Only Hardy, he realized, keeps me human now.
When there is a hot day at the Villa San Girolamo they all wash their hair, first with kerosene to remove the possibility of lice, and then with water. Lying back, his hair spread out, eyes closed against the sun, Kip seems suddenly vulnerable. There is a shyness within him when he assumes this fragile posture, looking more like a corpse from a myth than anything living or human. Hana sits beside him, her dark brown hair already dry. These are the times he will talk about his family and his brother in jail.

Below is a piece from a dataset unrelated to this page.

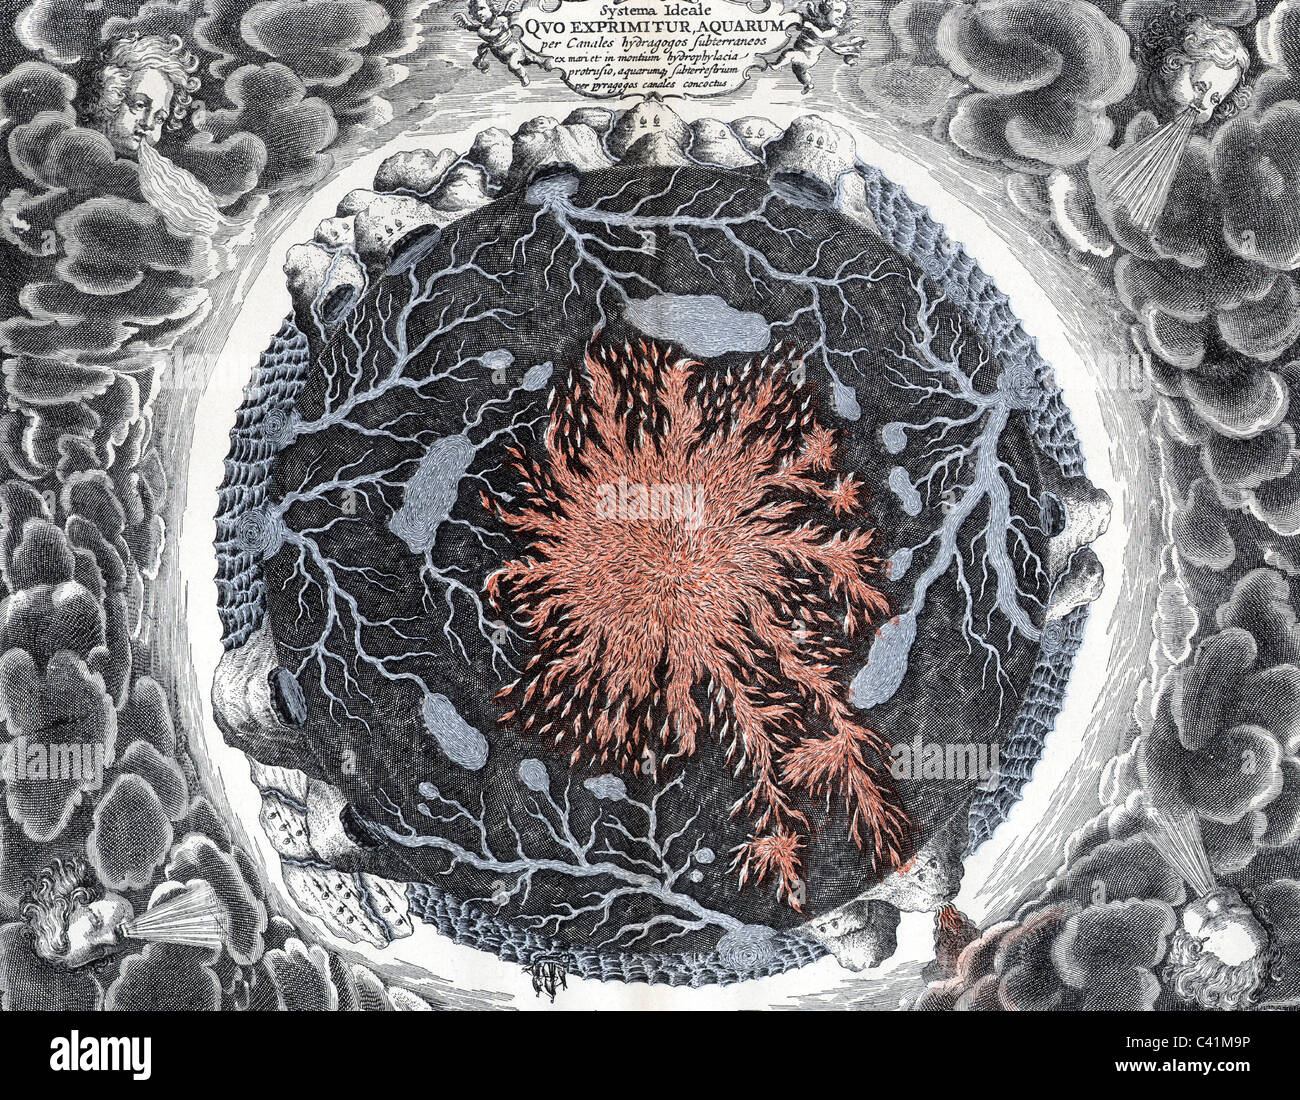 Scienza, geologia, fuoco centrale con laghi e fiumi del mondo sotterraneo, 'Mundus subterraneus', di Athanasius Kircher, 1665, diritti aggiuntivi-clearences-non disponibile Foto Stock

He will sit up and flip his hair forward, and begin to rub the length of it with a towel. She imagines all of Asia through the gestures of this one man. The way he lazily moves, his quiet civilisation. He speaks of warrior saints and she now feels he is one, stern and visionary, pausing only in these rare times of sunlight to be godless, informal, his head back again on the table so the sun can dry his spread hair like grain in a fan-shaped straw basket. Although he is a man from Asia who has in these last years of war assumed English fathers, following their codes like a dutiful son.
“Ah, but my brother thinks me a fool for trusting the English.” He turns to her, sunlight in his eyes. “One day, he says, I will open my eyes. Asia is still not a free continent, and he is appalled at how we throw ourselves into English wars. It is a battle of opinion we have always had. One day you will open your eyes,’ my brother keeps saying.”
The sapper says this, his eyes closed tight, mocking the metaphor. “Japan is a part of Asia, I say, and the Sikhs have been brutalized by the Japanese in Malaya. But my brother ignores that. He says the English are now hanging Sikhs who are fighting for independence.”